Cardinal Franz König

Inter-religious dialogue is vital in a pluralistic global culture. Thus Pope John Paul II in his recent apostolic letter Novo Millennio Ineunte of 6 January this year speaks of "the great challenges of inter-religious dialogue to which we shall be committed in the new millennium". The dialogue "must continue", he urges forcefully. To which I would add - without peace among the world's religions there will be no peace among the nations.

Because too little was known about other civilisations, Christians used to see members of non-Christian religions as "heathens" or "idolators" and their religions as superstitions or false religions. But interreligious dialogue has opened up new insights.

The Second Vatican Council was the first to take up the subject of inter-religious dialogue and of religious pluralism - the interpretation of the significance of the variety of world religions. The council's brief decree Nostra Aetate explains that in a world in which people are drawing closer together, the Church "is examining its relations with the non-Christian religions more carefully". The council did not ask whether there were such "relations", but "what kind of relations existed and should be encouraged.
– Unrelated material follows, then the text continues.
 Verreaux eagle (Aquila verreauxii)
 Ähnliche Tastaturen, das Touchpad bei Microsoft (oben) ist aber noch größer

The question was significant, it explained, because it was the Church's duty to foster "unity and charity among nations".

With his invitation to the representatives of all the world religions to meet at Assisi with him in 1986, John Paul II opened people's eyes to what this meant. His action corresponded to the council text: "The Catholic Church rejects nothing of what is true and holy in these religions." For this reason, Nostra Aetate explained, "the Church urges its sons and daughters to enter with prudence and charity into discussion and collaboration with members of other religions. Let Christians, while witnessing to their own faith and way of life, acknowledge, preserve and encourage the spiritual and moral truths found among non-Christians."

At the council the Catholic Church opened itself in a positive way to other religious traditions and other religions, to a far greater degree than had ever been the case before. John Paul II has added emphasis on these positive appraisals by, pointing to the ubiquitous presence of the Divine and of Jesus Christ and the Holy Spirit in the other non-Christian religions, as for example in his encyclicals Redemptor Hominis (1979) and Redemptoris Missio (1990).

The Second Vatican Council, however, did not adequately answer the question of what kind of relationship the Church has to the non-Christian religions. The theology of religious pluralism does not only pose the question of human values, but also of religious values and their meaning - their significance for salvation. I personally feel that to recognise some salvific elements in other religions does not belittle the treasures of our own.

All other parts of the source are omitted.